Ceguera (Foto de archivo)

WASHINGTON, Estados Unidos .- A pesar de que el 80% de los casos de discapacidad visual son prevenibles o curables, más de 26 millones de personas en las Américas sufren de algún impedimento visual, es decir, son ciegas o tienen dificultades para ver con claridad. Para hacer frente a esta problemática de salud pública, los países de las Américas aprobaron un plan de acción que busca mejorar la visión y evitar especialmente que bebés prematuros, niños en edad escolar y personas mayores de 50 años pierdan la visión.

Durante el 53° Consejo Directivo de la Organización Panamericana de la Salud (OPS), que reunió en Washington, DC, a los ministros de salud de la región para establecer acuerdos y trazar la ruta a seguir con el fin de mejorar la salud de la población de las Américas, las máximas autoridades sanitarias del hemisferio se comprometieron a llevar adelante acciones para prevenir la ceguera y las deficiencias visuales evitables.

El objetivo del plan de acción acordado, que propone una serie de medidas de aquí al 2019, es atacar una problemática que se estima representará un reto en el futuro debido al aumento de la población, su longevidad y la mayor demanda de atención que recaerá sobre los servicios de salud.

En las Américas, más de 3 millones de personas son ciegas y la mayoría tiene más de 50 años. La catarata y el glaucoma causan el 75% de los casos de ceguera, y la diabetes es un factor determinante en la perdida de la visión. Otras causas incluyen la retinopatía diabética, el glaucoma, la degeneración macular asociada a la edad y los errores de refracción. En el Caribe, la incidencia de discapacidad visual es alta.

El plan de acción llama también la atención sobre la necesidad de mejorar la atención neonatal para abordar la retinopatía del prematuro, la cual puede dejar ciegos a los bebés nacidos antes de término, y que se presenta en proporciones epidémicas en los países con menor desarrollo.

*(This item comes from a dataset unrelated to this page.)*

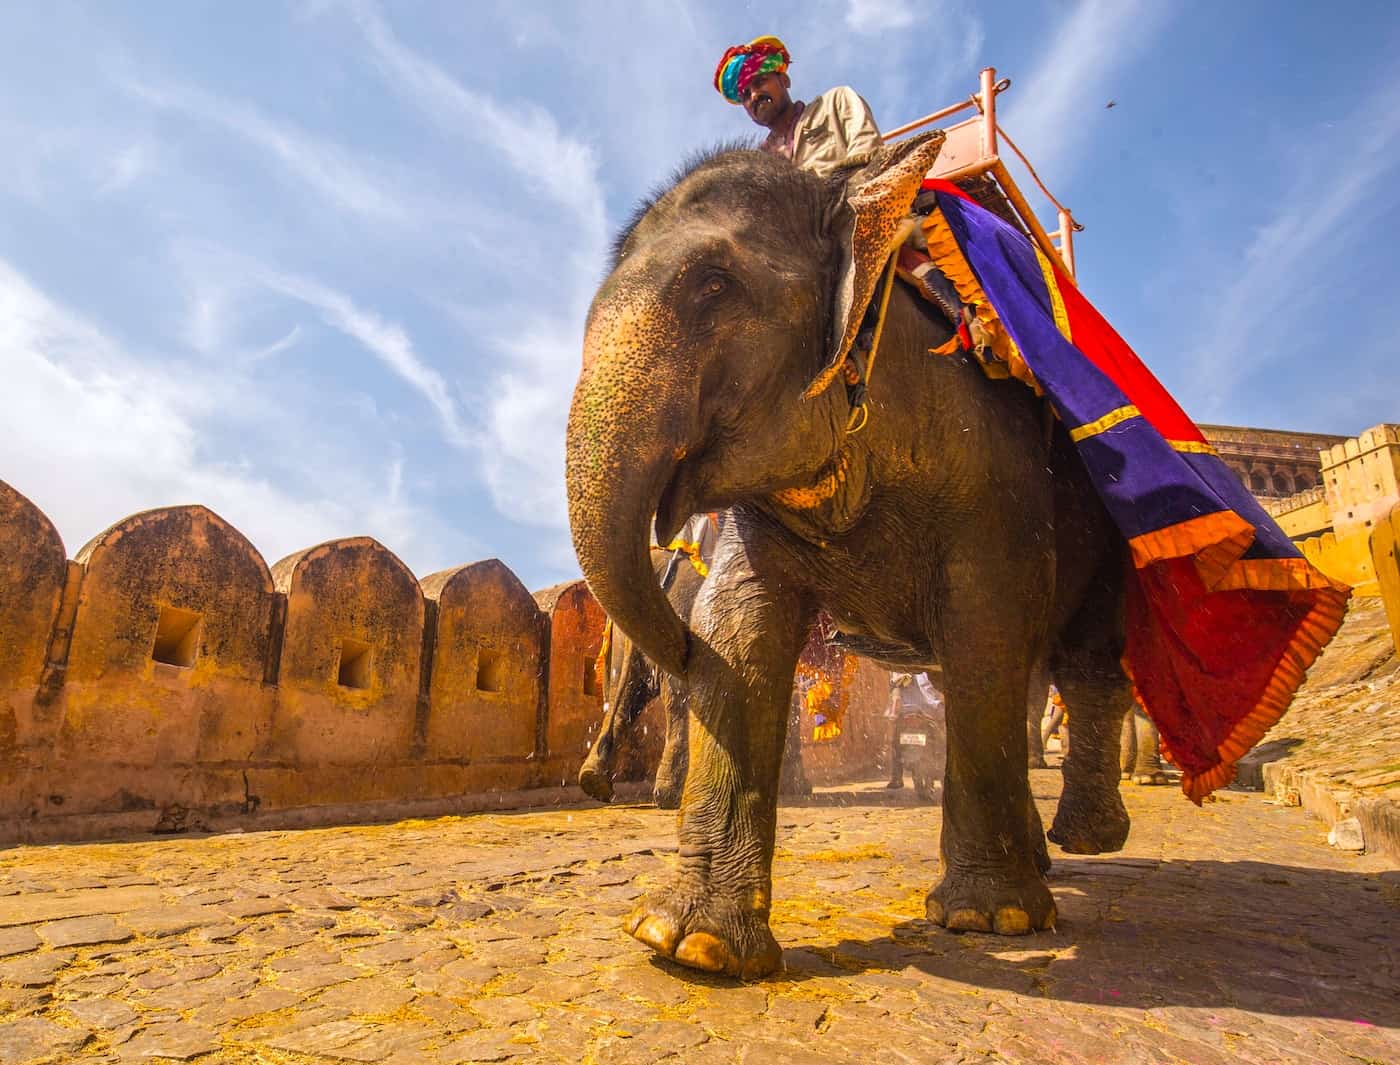 https://www.crowdfundinsider.com/wp-content/uploads/2019/09/Elephant-Amber-Palace-Jaipur-India-rayban-unsplash.jpg
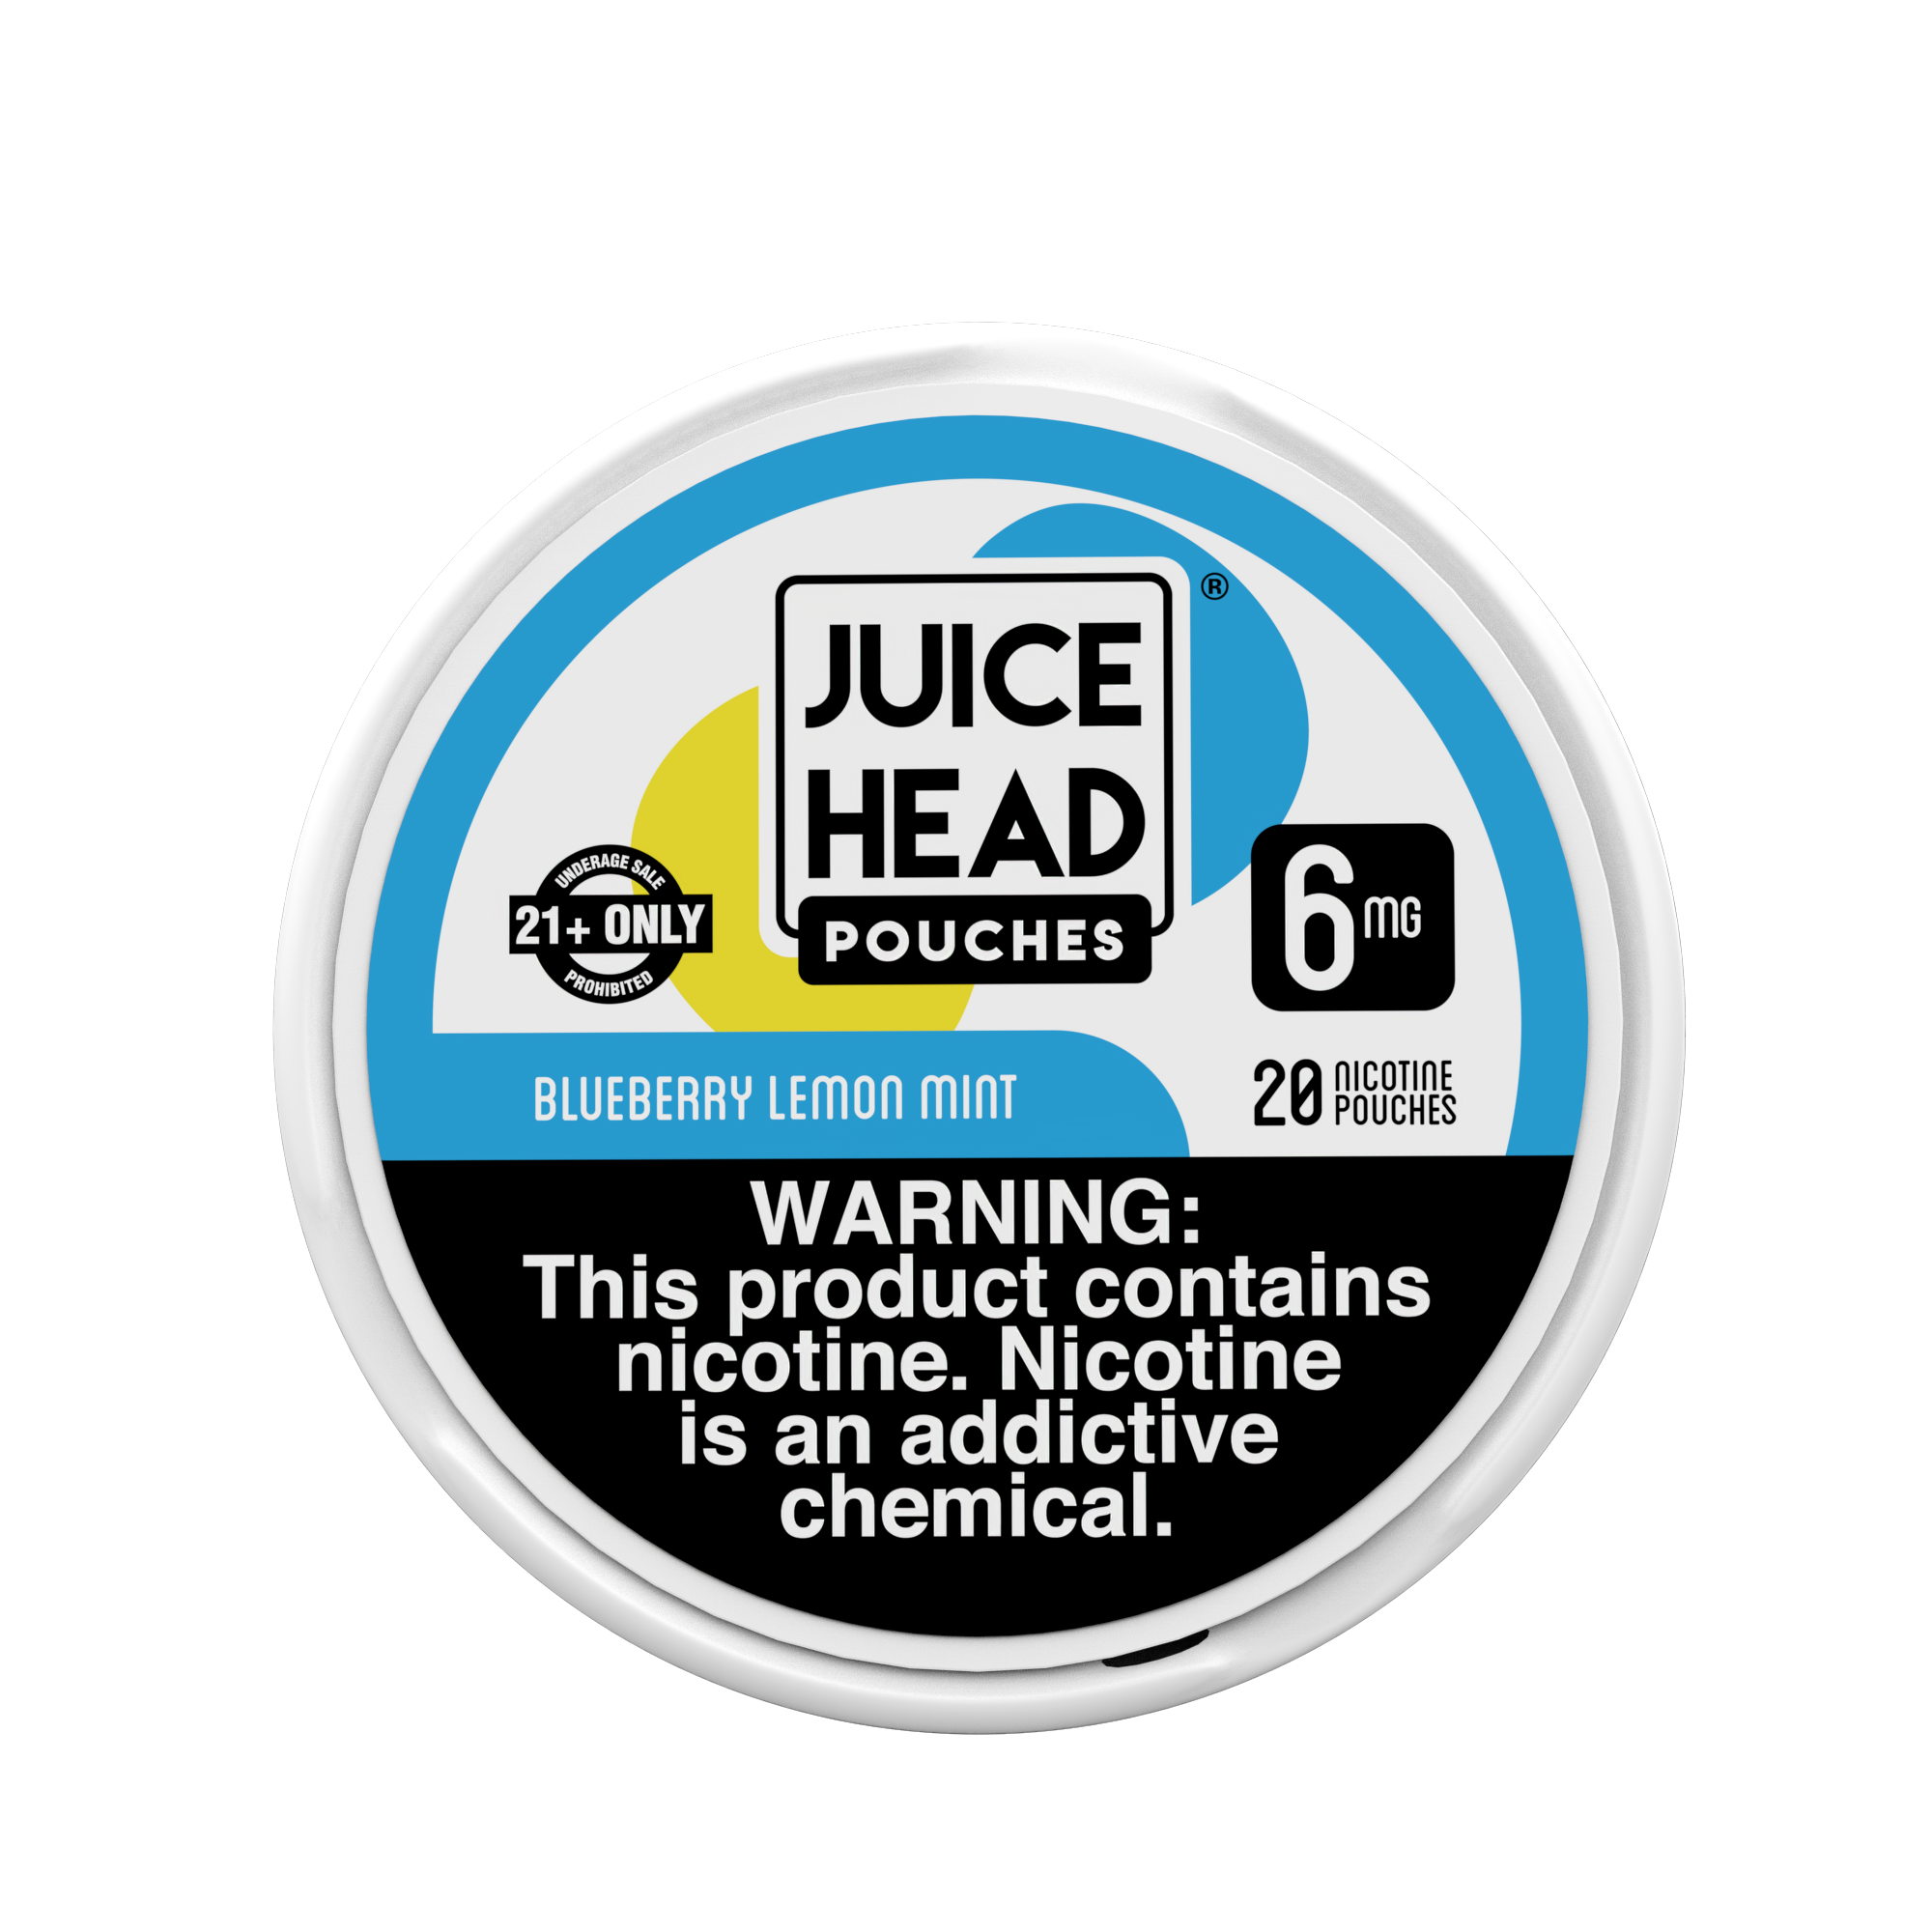 JUICE HEAD POUCHES - Blueberry Lemon Mint

Otro de los ejes de la iniciativa está puesto en los niños en edad escolar. Se calcula que en América Latina un 7% de los escolares puede necesitar corrección óptica.

La cantidad de oftalmólogos necesarios para reducir el número de personas que pierden la visión parcial o totalmente es suficiente según encuestas realizadas en casi la mitad de los países de la región. Sin embargo, existe un desequilibrio en su distribución.